A TDI system operates to synchronize the operation of an imaging system with a motion of a feature of interest in a scene viewed by the imaging system in order to increase the integration time and, hence, increase the sensitivity of the imaging system.
It is known that a degradation of a TDI system Modulation Transfer Function (MTF) results from a mismatch between a velocity of an optical image and that of a corresponding charge image formed within a TDI imaging array. This effect is commonly referred to as velocity-mismatch MTF degradation.
In conventional TDI systems, the velocity with which the charge image is moved in the "along-track" direction (the TDI rate) is determined by apriori estimates of the velocity of the optical image, or by indirect measurements of the velocity. This is essentially an open-loop system solution, and any errors that may occur in the estimate of optical image velocity result in the velocity-mismatch MTF degradation referred to above.
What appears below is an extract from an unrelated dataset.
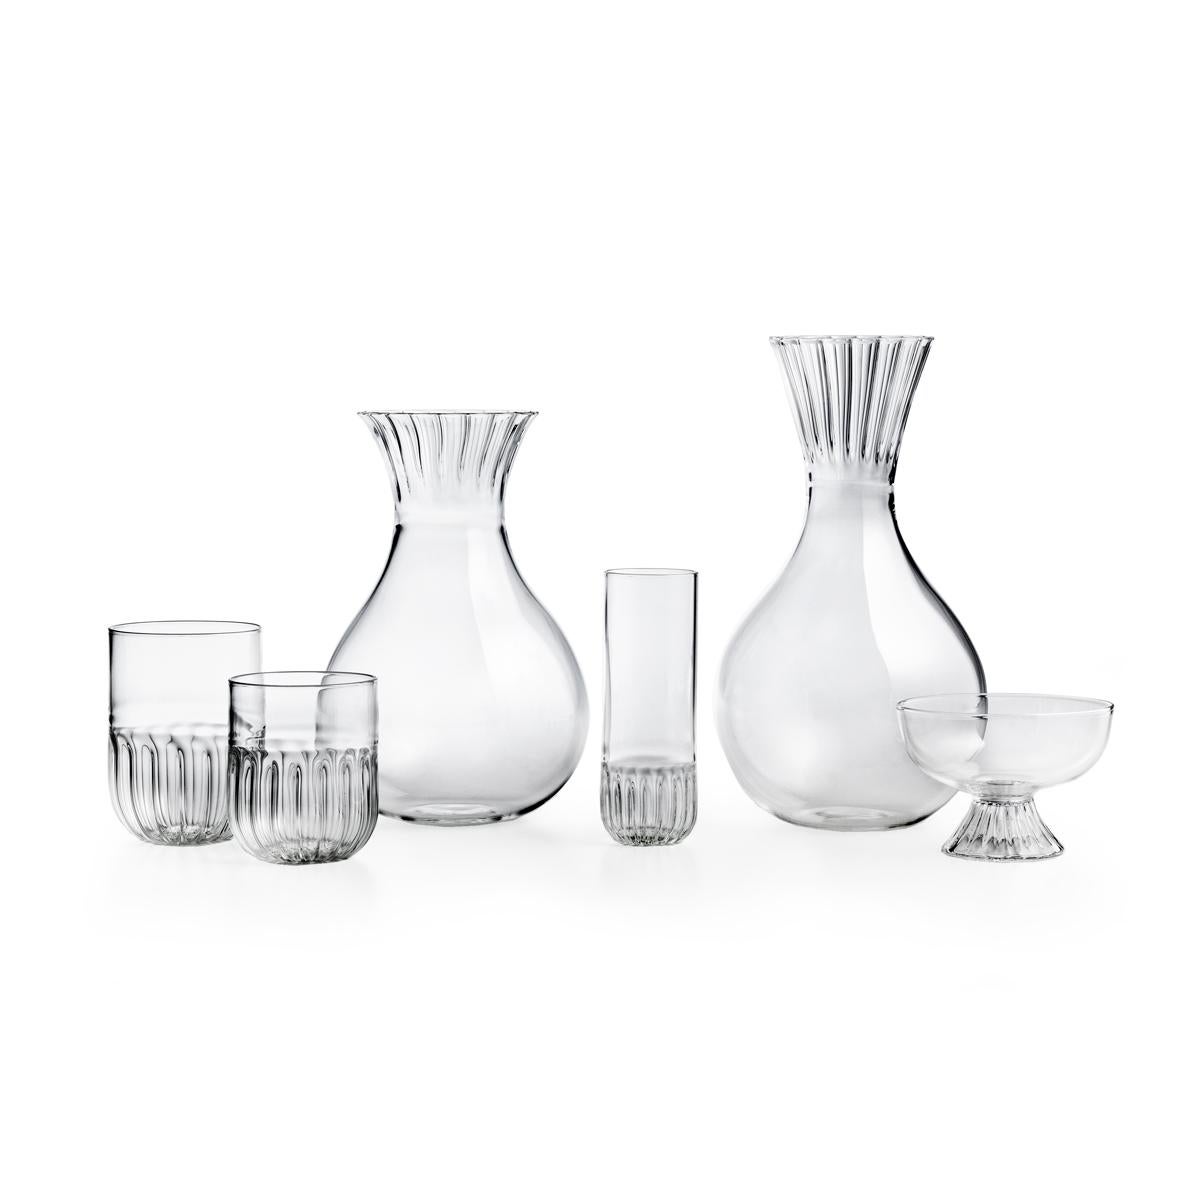 High carafe in mouth blown glass. The routine collection is a glassware family designed by Matteo Cibic, who define it as “an essential collection for a smart daily life”. All the pieces of Routine are handcrafted and feature a soft plissé motif at

As one example, the TDI system may be mounted within a rotating satellite platform and may view a scene through an aperture within a wall of the satellite. An estimate of, and/or a measurement of, the satellite rotational rate is employed to move a desired charge image, such as an image of a star or some other celestial object, across a TDI imaging array. Movement of the charge image is accomplished by clocking the TDI imaging array so as to cause the charge image to move from row to row in the TDI "along-track" direction. However, if the estimate and/or measurement of the satellite rotational rate is in error, then the movement of the charge image of the star does not accurately follow the movement of the actual star image that results from satellite rotation. This difference between the TDI velocity and the actual velocity of image motion results in the degradation of the MTF of the TDI imaging system.
It is thus one object of this invention to provide a TDI imaging system with an improved MTF by substantially eliminating velocity-mismatch MTF degradation.
It is another object of this invention to provide a closed-loop TDI imaging system wherein the velocity of the charge image (TDI velocity) is adaptively controlled in order to maximize a velocity match metric, and wherein the system requires no apriori knowledge of the velocity of the TDI image.